Title: ZOE GPS proto board in 35 mm model rocket application / Results
Post by: WillemH on December 30, 2020, 05:33:05 AM
This last post on the ZOE GPS proto board in a small 35 mm rocket application deals with the main results of launch trials of the MER-35-ZOE model rocket.

Two launches of this rocket were executed on 9 November 2020 at Laren (Gld.), The Netherlands.
Weather was excellent for launching.

For an overview and detailed figures see the attached presentation.

Given the used Klima C6-5 rocket motor with a specified peak thrust of 15 N and a total rocket mass of 130 + 21.5 ~ 152 g it is clear that the acceleration limit of 4G in the dynamic platform model of the ZOE-M8B will be exceeded at least for a short time interval during the boost phase.
It depends on the model estimates inside the ZOE if this will be detected resulting in missing position fixes or not.
 
Main results

Herewith some main values for launch #1 resp. launch #2, see also slide 9 of the attachment:

-   Maximum forward acceleration (corrected for gravitation): 10.2 G, 10.0 G
-   Average forward acceleration during boost phase: 4.4 G, 3.9 G
-   Maximum altitude (above ground level / barometric): 135 m, 134 m
-   Maximum altitude (above ground level / GNSS): 134 m, 134 m
-   Trajectory length (by double integration of forward acceleration): 146 m, 135 m
-   Trajectory length (GNSS, step by step): 146 m, 137 m

The maximum forward accelerations are somewhat higher than expected (~9 G).

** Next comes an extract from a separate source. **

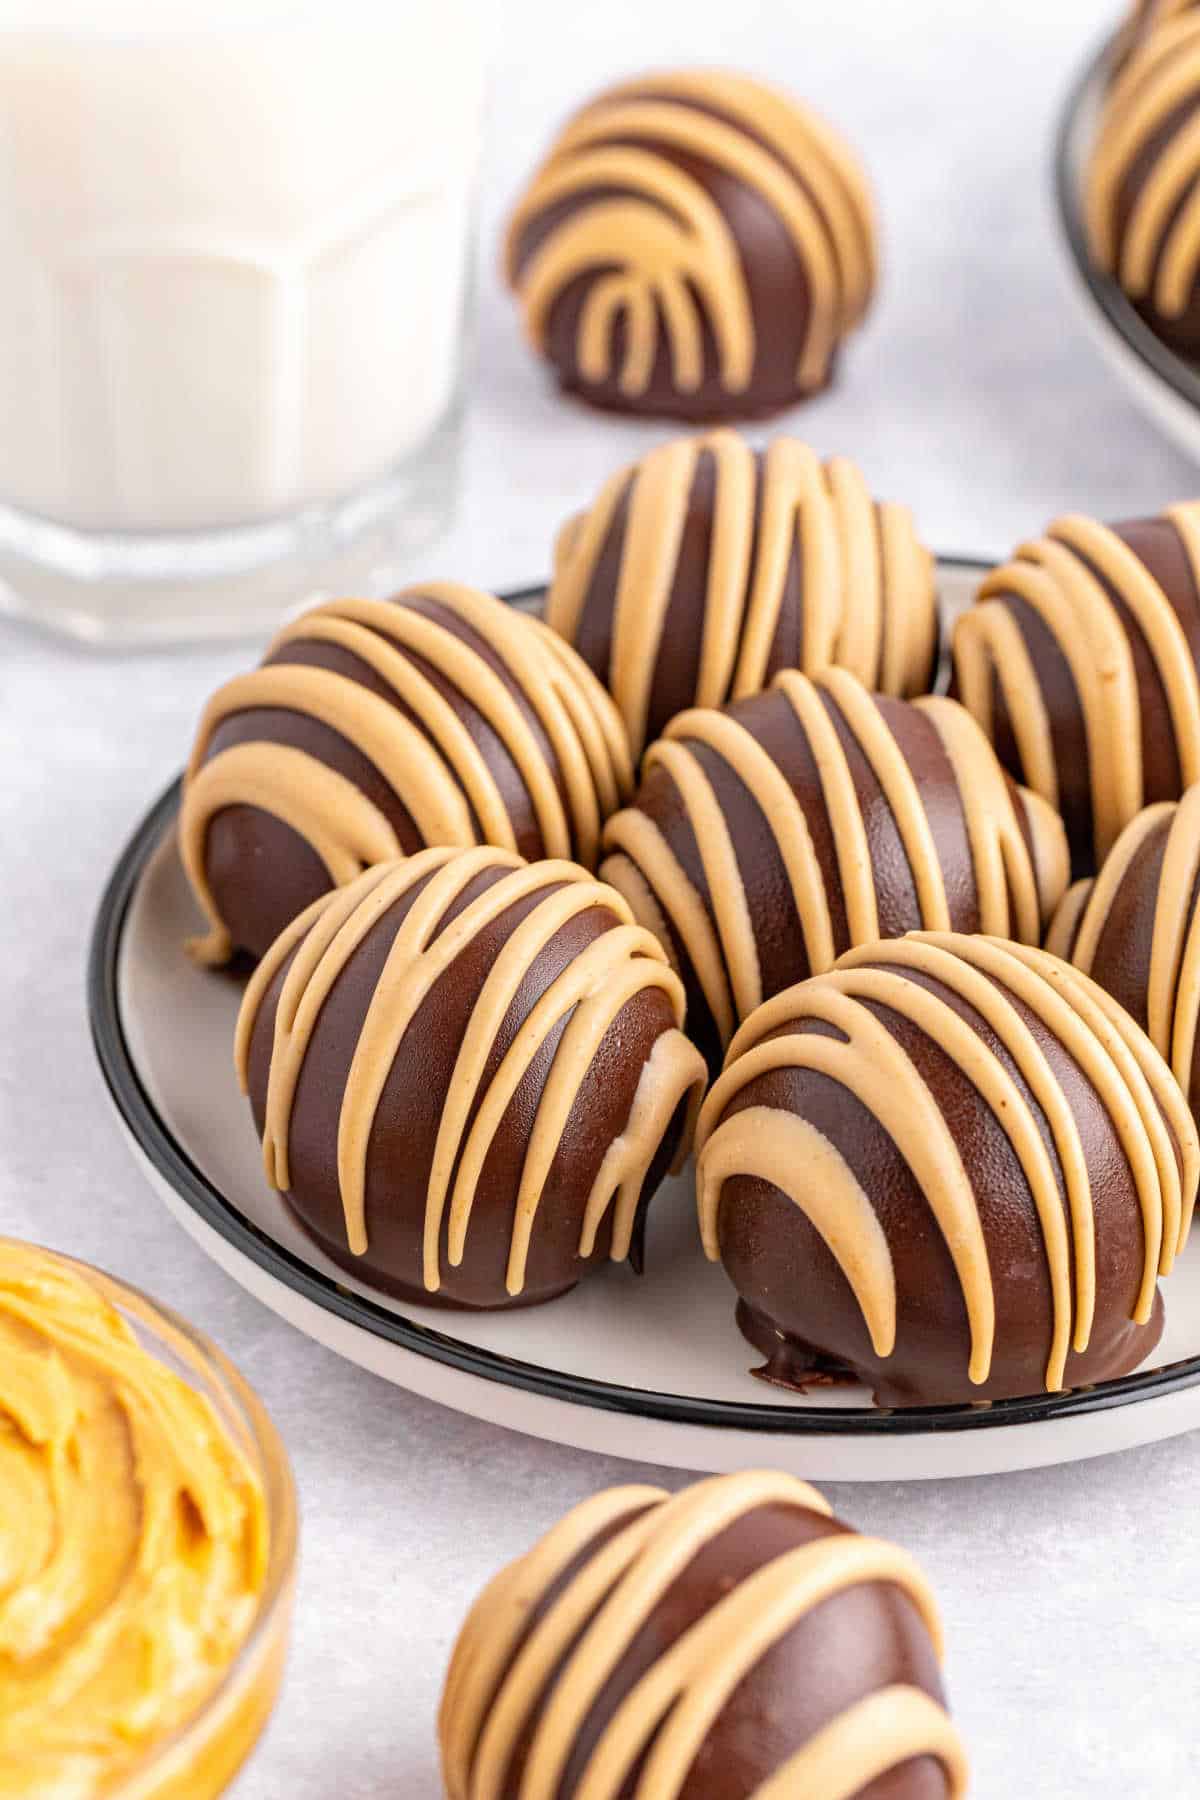 Chocolate covered peanut butter balls on a plate.

Average forward acceleration at launch #1 was higher than that of #2 resulting in max vertical velocities of 54 m/s and 49 m/s respectively. However, max altitudes were nearly the same (135 and 134 m). Launch #2 was more vertically oriented leading to a much smaller difference between trajectory length and altitude as was also visible on site and on videos.

Model rocket trajectories

The different trajectories can be visualized by the following figure, in which GNSS longitude (x), latitude (y) and altitude (z) are depicted relative to launch point:
 

(Figure 1, see attachment, sheet 11)

Launch #2 is much more vertically oriented as can also be seen from rotated versions of this figure (see attachment). In the trajectory of launch #1 six position fixes are missing, presumably because of too high forward acceleration, “too much > 4G”.

Altitude and other measurements

Altitudes (corrected for ground level at launch) measured by both barometers and GNSS are rather close to each other as can be seen in the next figure for launch #1. Correction for time alignment was not necessary.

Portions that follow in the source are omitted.